VFP Instruction Execution
ARM DDI 0301H
Copyright © 2004-2009 ARM Limited. All rights reserved.
21-5
ID012310
Non-Confidential, Unrestricted Access
21.4
Forwarding
In general, any forwarding operation reduces the stall time of a dependent instruction by one
cycle. The VFP11 coprocessor forwards data from load instructions to CDP instructions and
from CDP instructions to CDP instructions.
The VFP11 coprocessor does not forward in the following cases:
•
from an instruction that produces integer data
•
to a store instruction, FST, FSTM, MRC, or MRRC
•
to an instruction of different precision.

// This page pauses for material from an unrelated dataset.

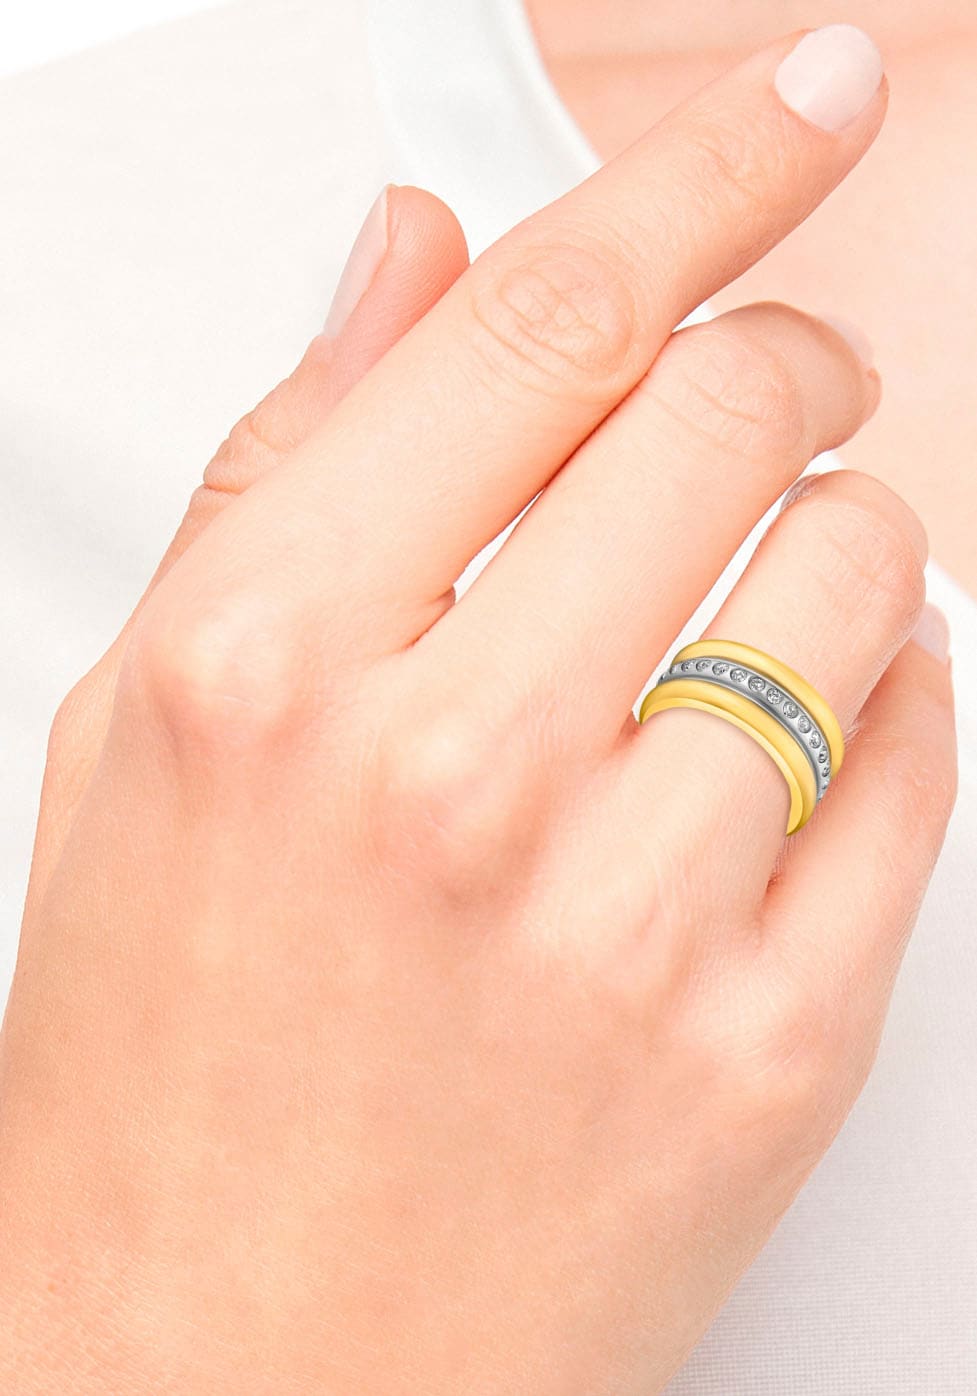 (synth.) bei s.Oliver Fingerring ♕ Zirkonia mit »2036837/-38/-39/-40«,

In the examples that follow, the stall counts given are based on two data transfer assumptions:
•
accesses by load operations result in cache hits and are able to deliver one or two data
words per cycle
•
store operations write directly to the write buffer or cache and can transfer one or two data
words per cycle.
When these assumptions are valid, the VFP11 coprocessor operates at its highest performance.
When these assumptions are not valid, load and store operations are affected by the delay
required to access data. Example 21-1, Example 21-2 and Example 21-3 illustrate the
capabilities of the VFP11 coprocessor in ideal conditions.
In Example 21-1, the second FADDS instruction depends on the result of the first FADDS
instruction. The result of the first FADDS instruction is forwarded, reducing the stall from eight
cycles to seven cycles.
Example 21-1 Data forwarded to dependent instruction
FADDS S1, S2, S3
FADDS S8, S9, S1
In Example 21-2, there is no data forwarding of the double-precision FMULD data in D2 to the
single-precision FADDS data in S5, even though S5 is the upper half of D2.
Example 21-2 Mixed-precision data not forwarded
FMULD D2, D0, D1
FADDS S12, S13, S5
In Example 21-3, the double-precision FSTD stalls for eight cycles until the result of the
FMULD is written to the register file. No forwarding is done from the FMULD to the store
instruction.
Example 21-3 Data not forwarded to store instruction
FMULD D1, D2, D3
FSTD D1, [Rx]